U.S. Securities and Exchange Commission (SEC) Chairman Gary Gensler wants his agency to have greater authority and resources to crack down on the crypto sector.
In a letter to U.S. Sen. Elizabeth Warren (D-Mass.), Gensler said Congress should grant the agency with additional oversight and enforcement abilities to monitor “transactions, products and platforms” in the U.S. crypto sector.
“In my view, the legislative priority should center on crypto trading, lending and DeFi (decentralized finance) platforms. Regulators would benefit from additional plenary authority to write rules for and attach guardrails to crypto trading and lending,” he said.
Warren pointed to how cryptocurrency exchanges serve as custodians for customer funds, saying that the “the lack of regulation to provide basic investor protections is unsustainable.”
“Right now, I believe investors using these platforms are not adequately protected,” Gensler said in his letter.
Stable value tokens
The SEC chairman, who previously ran the Commodity Futures Trading Commission (CFTC) from 2009 to 2014, said stablecoin users may be trying – if not outright able – to evade anti-money laundering, tax, sanctions and other regulations.
“There is an existing stablecoin market worth $113 billion, including four large stablecoins – some of which have been around for seven years,” he said. “These stablecoins are embedded in crypto trading and lending platforms. To trade crypto-to-crypto, usually, somebody uses stablecoins. In July, nearly three-quarters of trading on all crypto trading platforms occurred between a stablecoin and some other token.”
Gensler has previously warned that stablecoins might fall under securities regulations if they are themselves backed by securities.
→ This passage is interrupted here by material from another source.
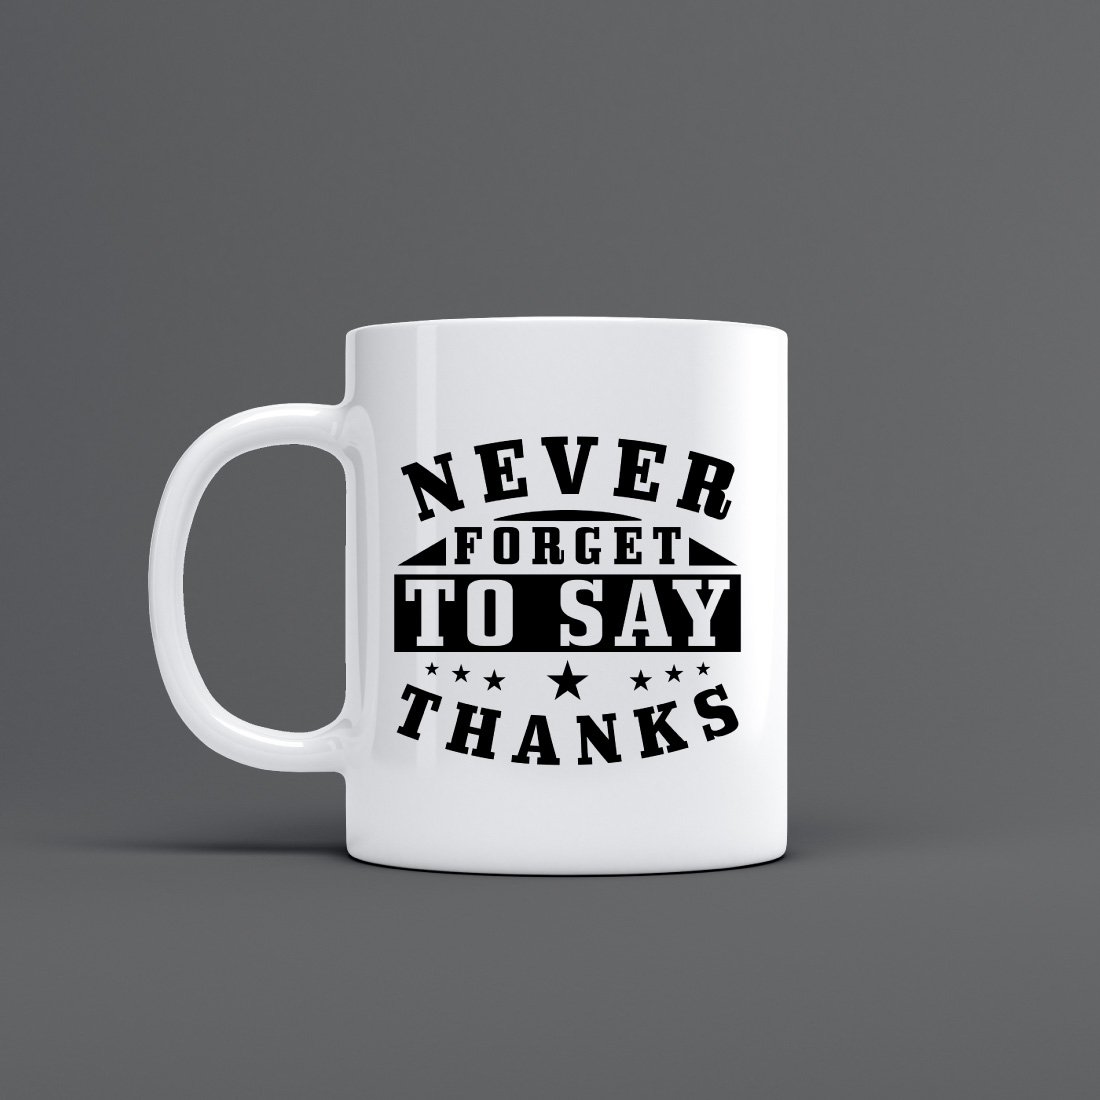 never forget to say thanks mug design 993

In a statement on Wednesday referring to crypto as the “Wild West of our financial system,” Warren said the industry needs better regulation to protect both the financial system and investors.
“I’m glad SEC Chair Gensler agrees and has directed the SEC to use its full authority to address these risks, and that he has also identified where additional regulatory authority may need to be granted by Congress,” Warren said. “I’m going to continue to engage with the SEC and other federal regulators on this, and will work to close regulatory gaps through legislation.”
It’s unclear whether Warren intends to introduce legislation calling for new regulations to address Gensler’s concerns or whether other federal agencies or private companies will also be solicited for their views on the issue.